** GIVEN INFORMATION follows **
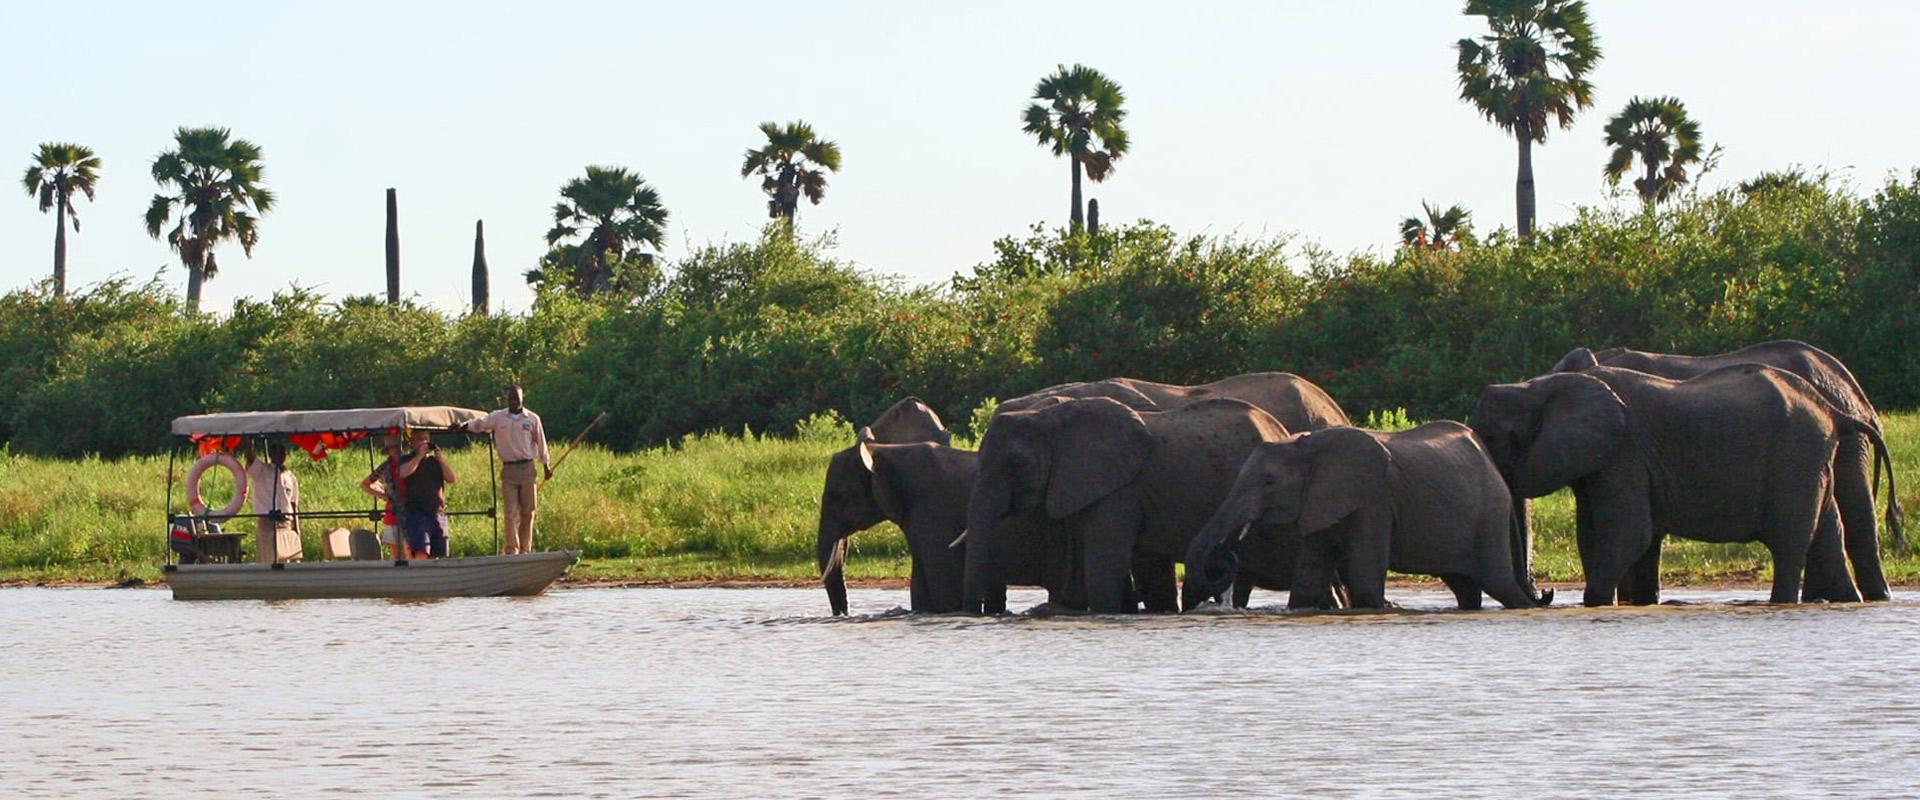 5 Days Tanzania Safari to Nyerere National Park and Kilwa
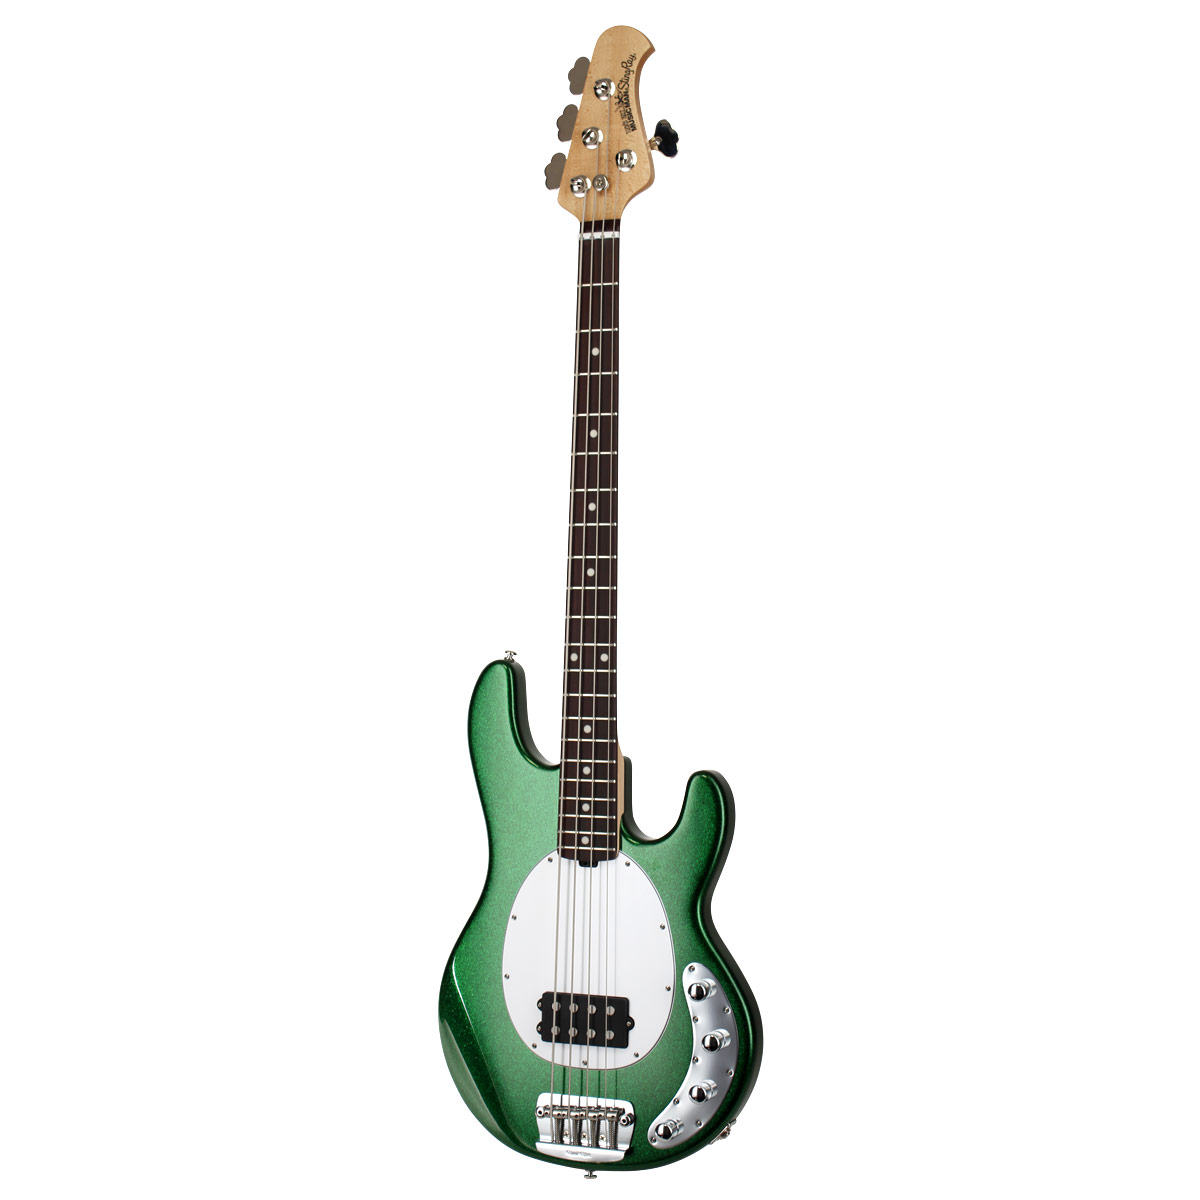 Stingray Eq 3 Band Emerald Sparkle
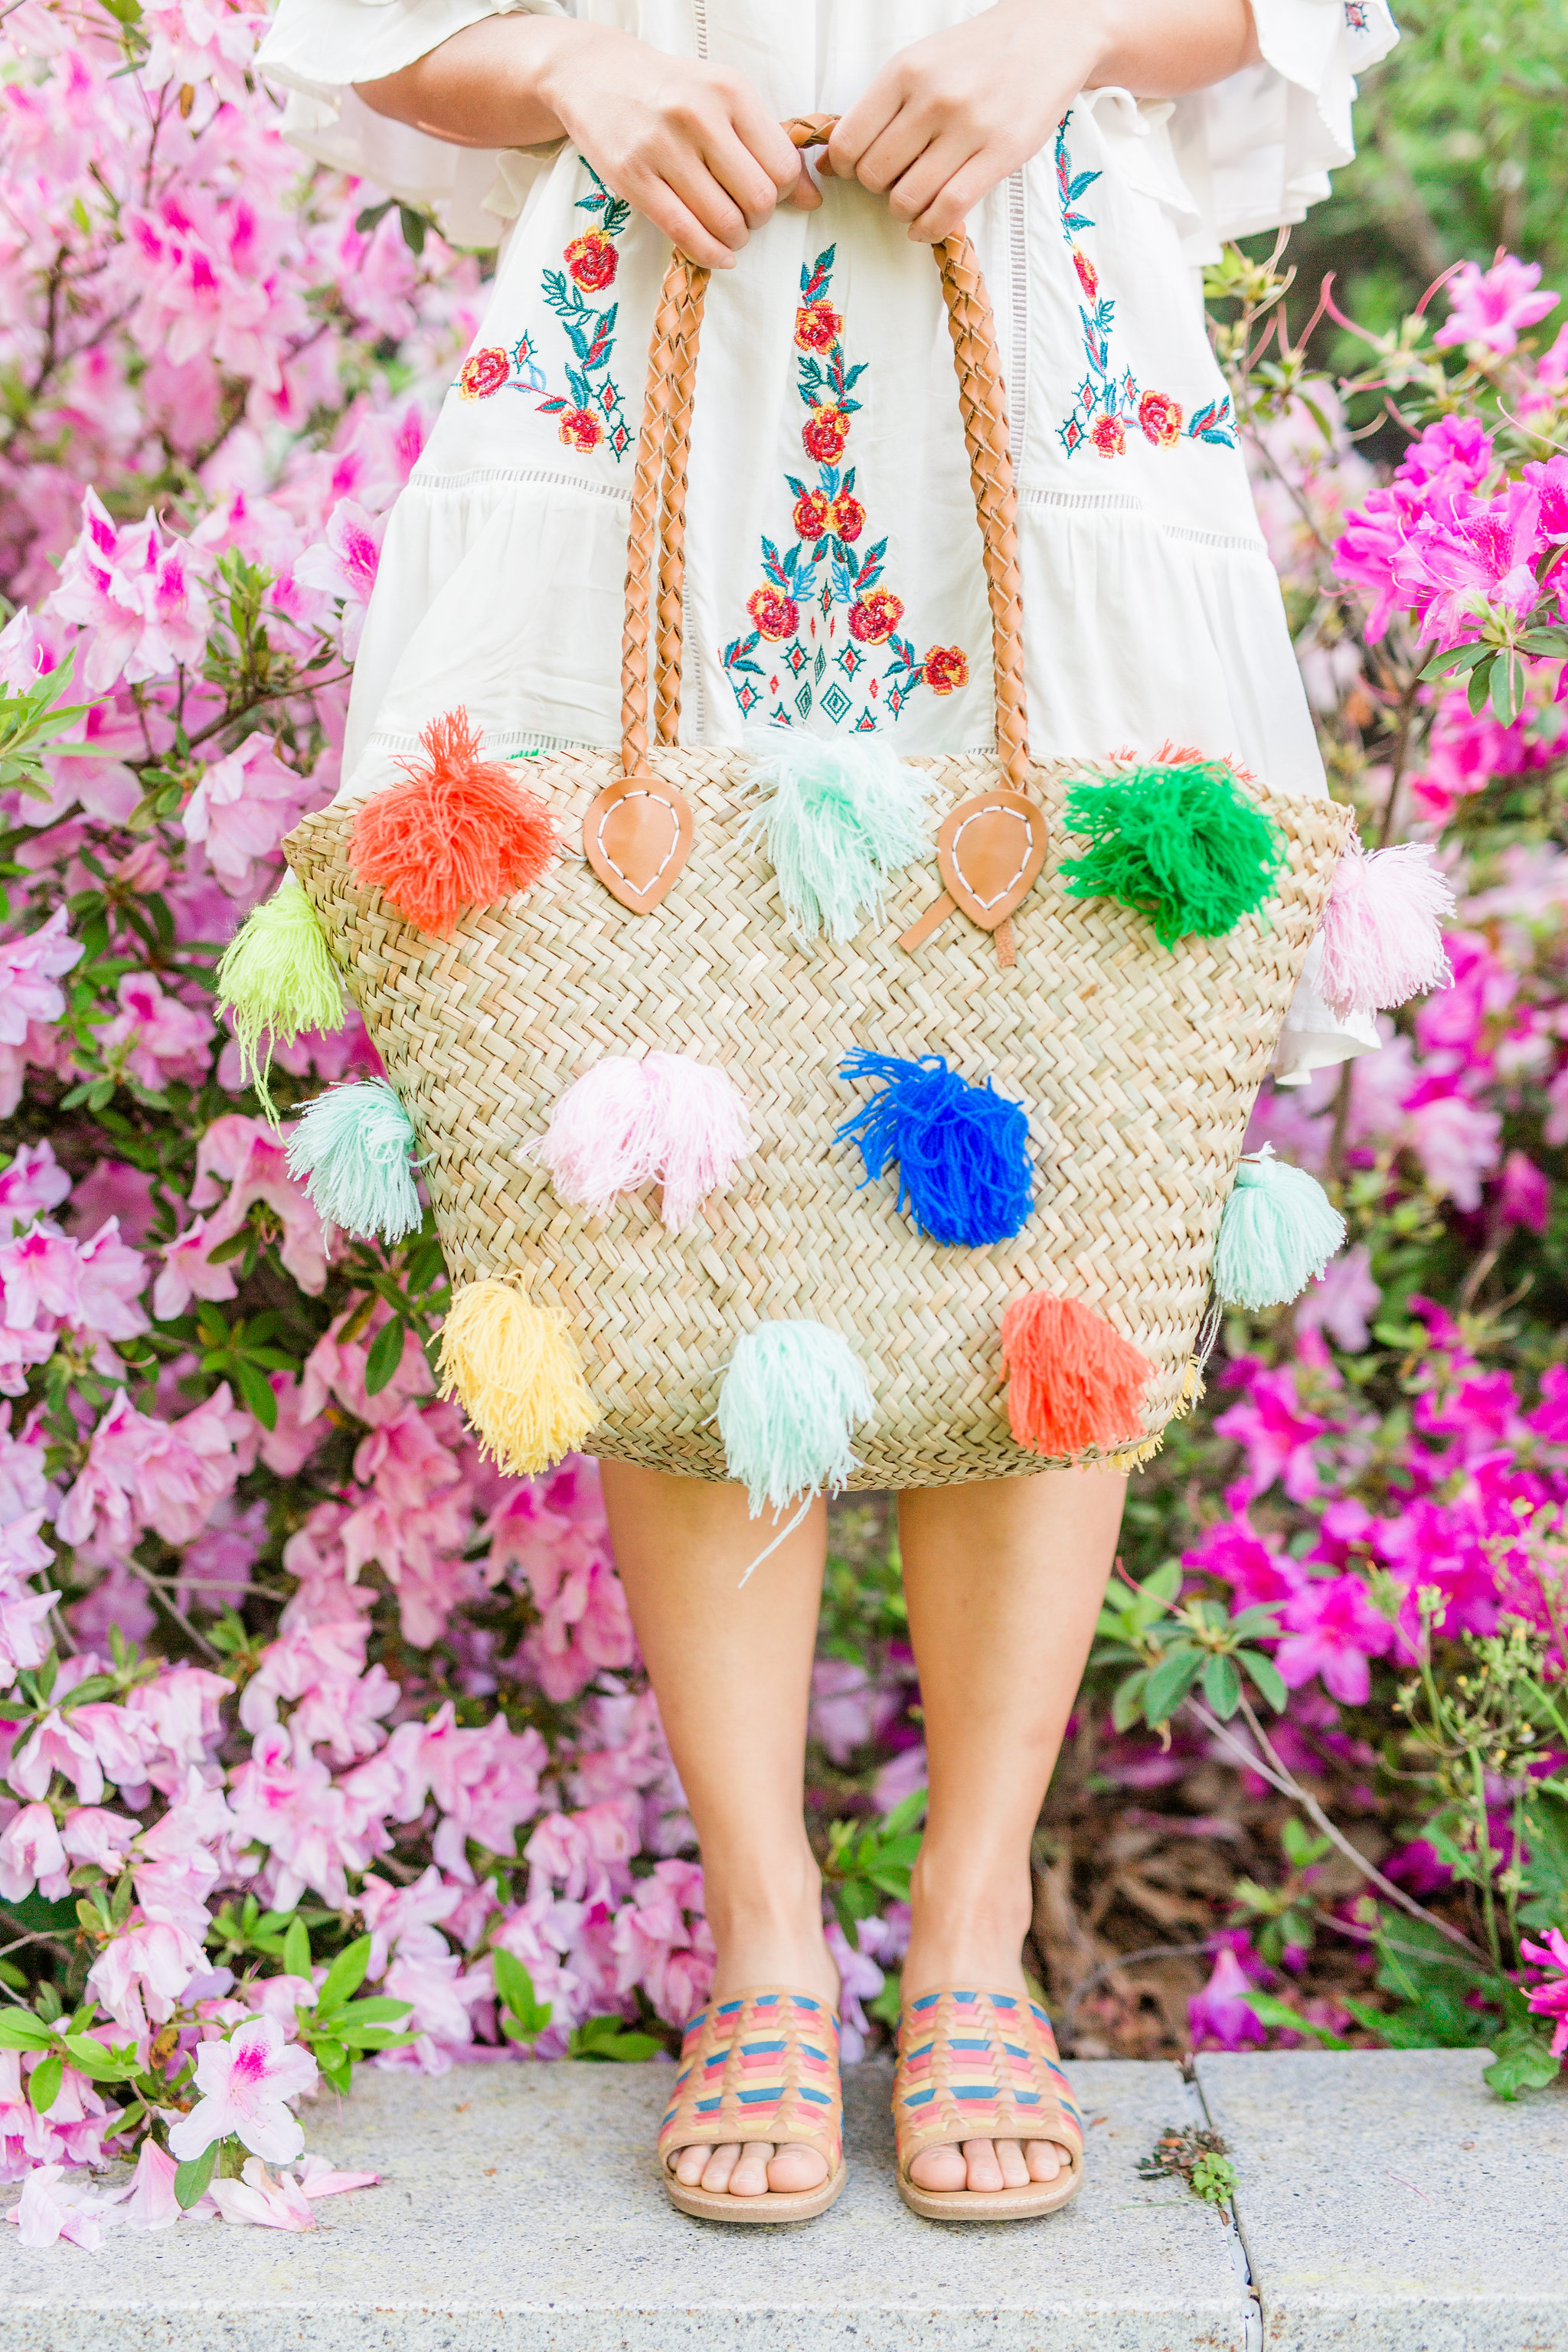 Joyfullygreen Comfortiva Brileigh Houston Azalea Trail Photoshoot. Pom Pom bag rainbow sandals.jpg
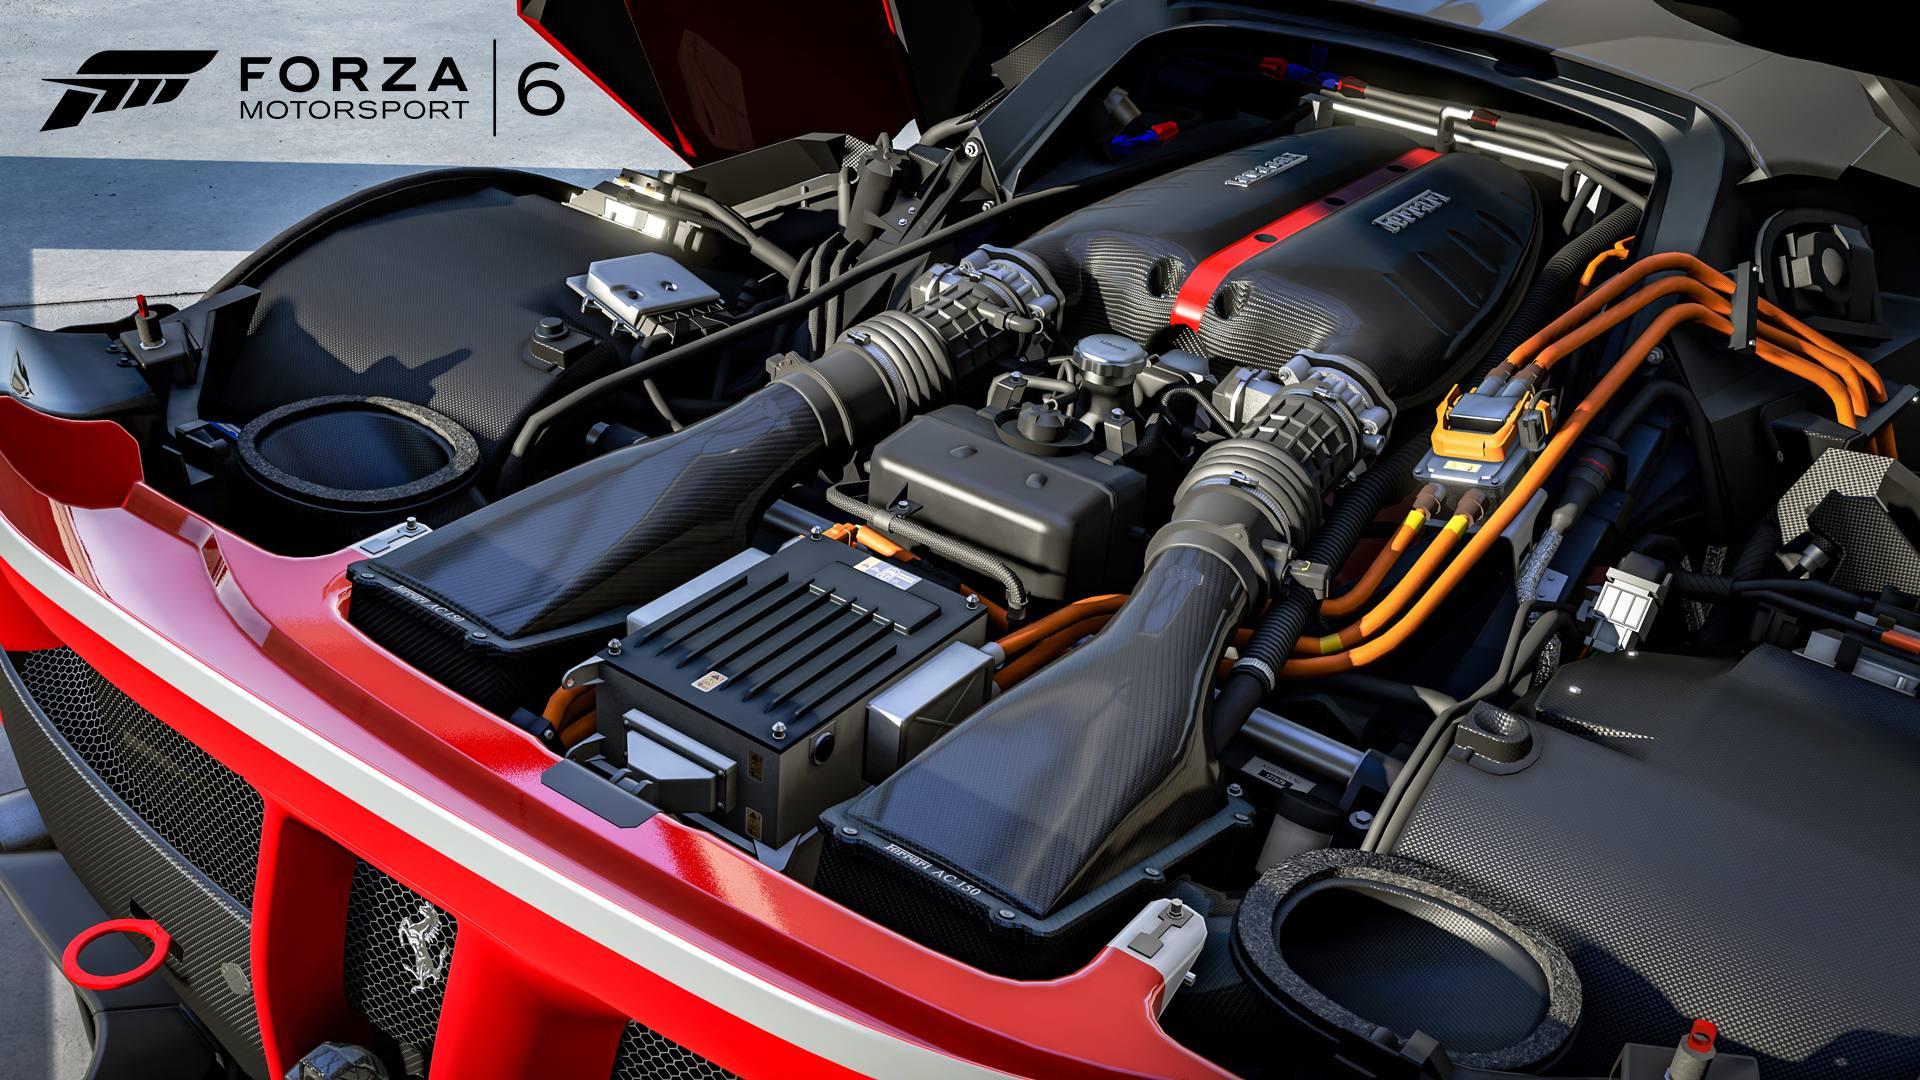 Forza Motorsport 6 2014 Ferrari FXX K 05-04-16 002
** End of GIVEN INFORMATION **
**PROBLEM:**
After locating the line with "Stingray Eq 3 Band Emerald Sparkle", transcribe it and the rest of the data above exactly as written, without any picture.

**SOLUTION TO THE PROBLEM:**
 Stingray Eq 3 Band Emerald Sparkle
 Joyfullygreen Comfortiva Brileigh Houston Azalea Trail Photoshoot. Pom Pom bag rainbow sandals.jpg
 Forza Motorsport 6 2014 Ferrari FXX K 05-04-16 002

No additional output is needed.